Queen Of The Castaway Isle

Chapter 54 - I won't give all of me for you, but you can have what I need to live.

A man crouched, spine popping a boney ladder even through his thin untucked dress shirt. He was not a young man, but his manner and face aged him decades older than he really was. His shave was uneven but not too noticeable when his face naturally did not grow that much hair. He keot as neat as was reasonably doable in a deserted island situation. Certainly, he looked better off than many of the sunburnt and weathered souls out there.

His thick old fashioned glasses were further magnified by the handheld focus tool. All attention on the dried black claw, carefully wrapped in a withered but tough large brown leaf. It fit on its side in the basket, but gaps aside it took up the space of a pig's head.

"I've never seen a specimen like this. Not at this size, not anywhere near it. It's practically a prop, a hoax."

"Well we found it anyways." tiredly droned Mattie, the side of his face squished into his hand. He looked horribly bored as if he had been forced to sit through a very long series of waiting room appointments.

That's certainly what it felt like. This was the 5th 'expert' to be given his turn at the great creepy thing. The partial thing they dug up buried in a grave of bones not its own.

Mattie didn't like it. He likes Sophie's silent smile even less.

"What do you think it is? Is there any chance that...there's more of these things? Alive?" Sophie whimpered, worriedly looking on from the center of the small of staff.

The people who stayed.

It's been hours since they came down the mountain with this thing. The god damn fragile oversized monkey paw, just as mummified and with a broken talon, courtesy of June. She was a little too rough in carrying the basket down in the dark of the cavern and snapped a digit right off. Three out of four still remained intact. To be fair, it still wasn't the smoothest climb either way.

Sophie said it was fine, wasn't all that important. That's all that mattered then.

It still made Mattie cringe and shiver.

It wouldn't be so damn bad is she just told him, them, what the hell it was. What it all meant. But no, that's not what happens today.

Sometimes, Mattie gets the feeling as if this is all one big game.

It doesn't feel real. None of this feels real. They're trapped on a god damn island playing survivor house, snake venom settled and scarred into his veins. If he closes his eyes, if he will it, the world goes by in slow motion. Blurred, to but a fraction of the moment, the minute, the second, but it goes on.

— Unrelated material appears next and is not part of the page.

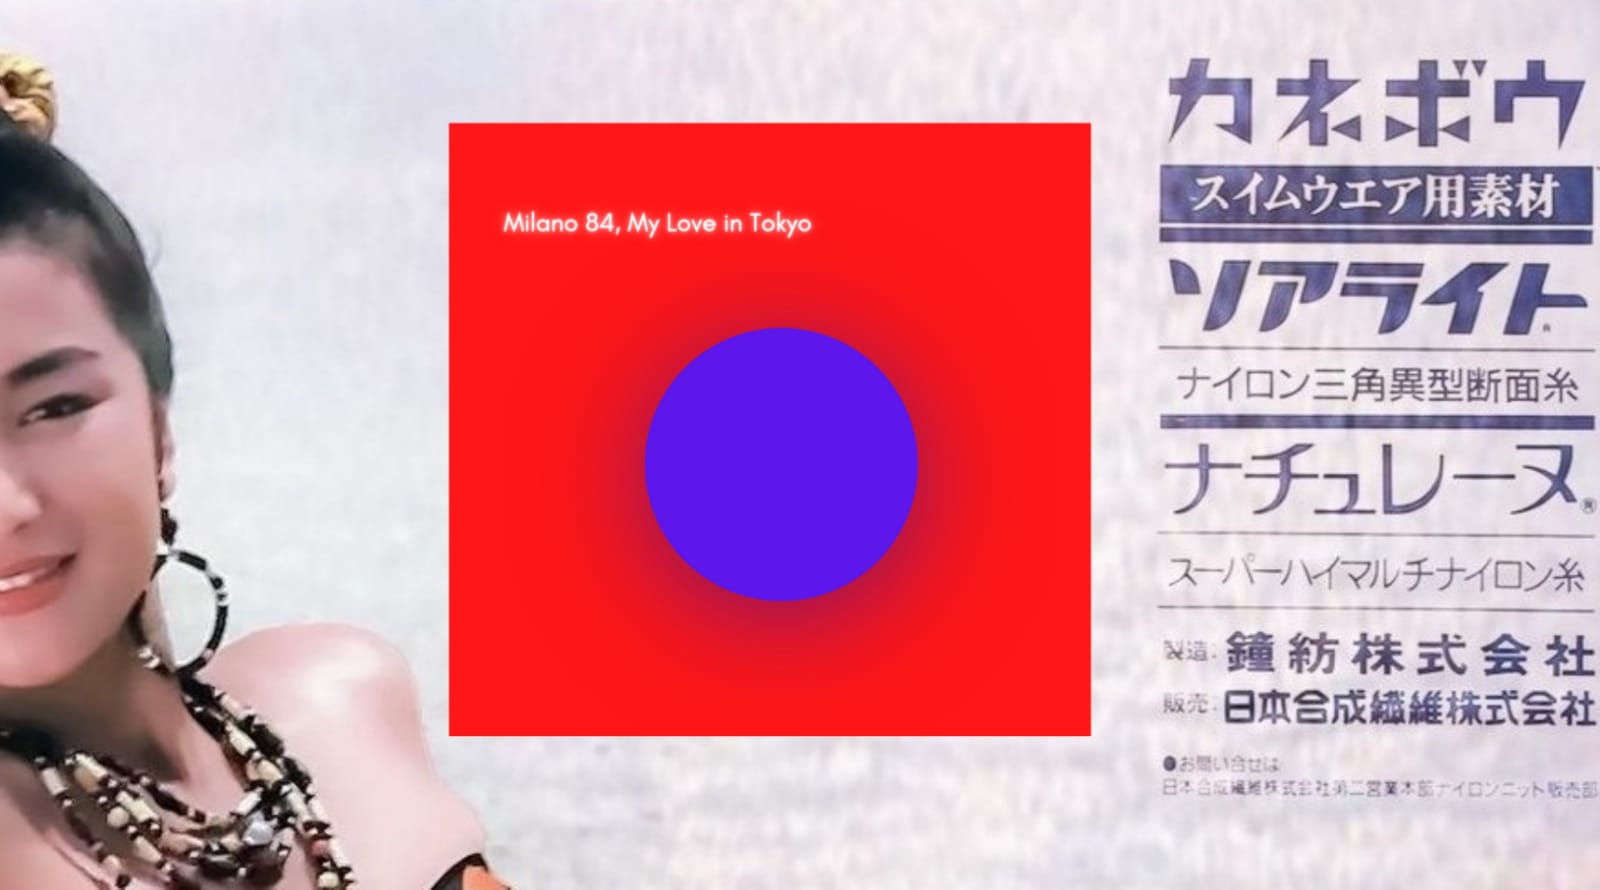 Milano 84 presentano “My Love in Tokyo“

That can't be real. A part of him still thinks it's brain damage, fever overload from venom this close to killing him.

Sophie says it's real.

Sophie wouldn't lie to him like that. She lies to about where's she's been, what's she'd done, but not if it has anything to do with them. She wouldn't risk their health in any way. Overprotective of it even.

He can tell from the way she observes their every move. Where they are at any time of the day, what they're doing, if it's 'safe' or not. Even from the littlest thing from their intake to their exercises.

Sometimes Mattie thinks it's a game, and they're the supposed players at Sophie's control.

From aftar sees June, surrounded straggling kids. Game switch in her hands, beeping away with a face of concentration she doesn't make even for tests. The kids, with nothing better to do, nothing better to see for days on end, circle her, cheering over the small screen with even smaller little characters.

His sisters are quite different, but his blurred vision plays tricks on him. Superimposes the image.

That's Sophie there, playing. Left, right, strike, level up. An invisible outside audience cheering.

"It's real. It's real but isn't just what I'm scared of." whimpered Sophie, a set line programmed. She looks to struggle as she holds up the broken thing, looking dwarfed with it in her small arms.

Pick choice A, B, or C. Go into settings, input the cheat.

"Look at this. It's huge. It ate things, we found little bones. They weren't small exactly but, it was like spit-up. From an owl? "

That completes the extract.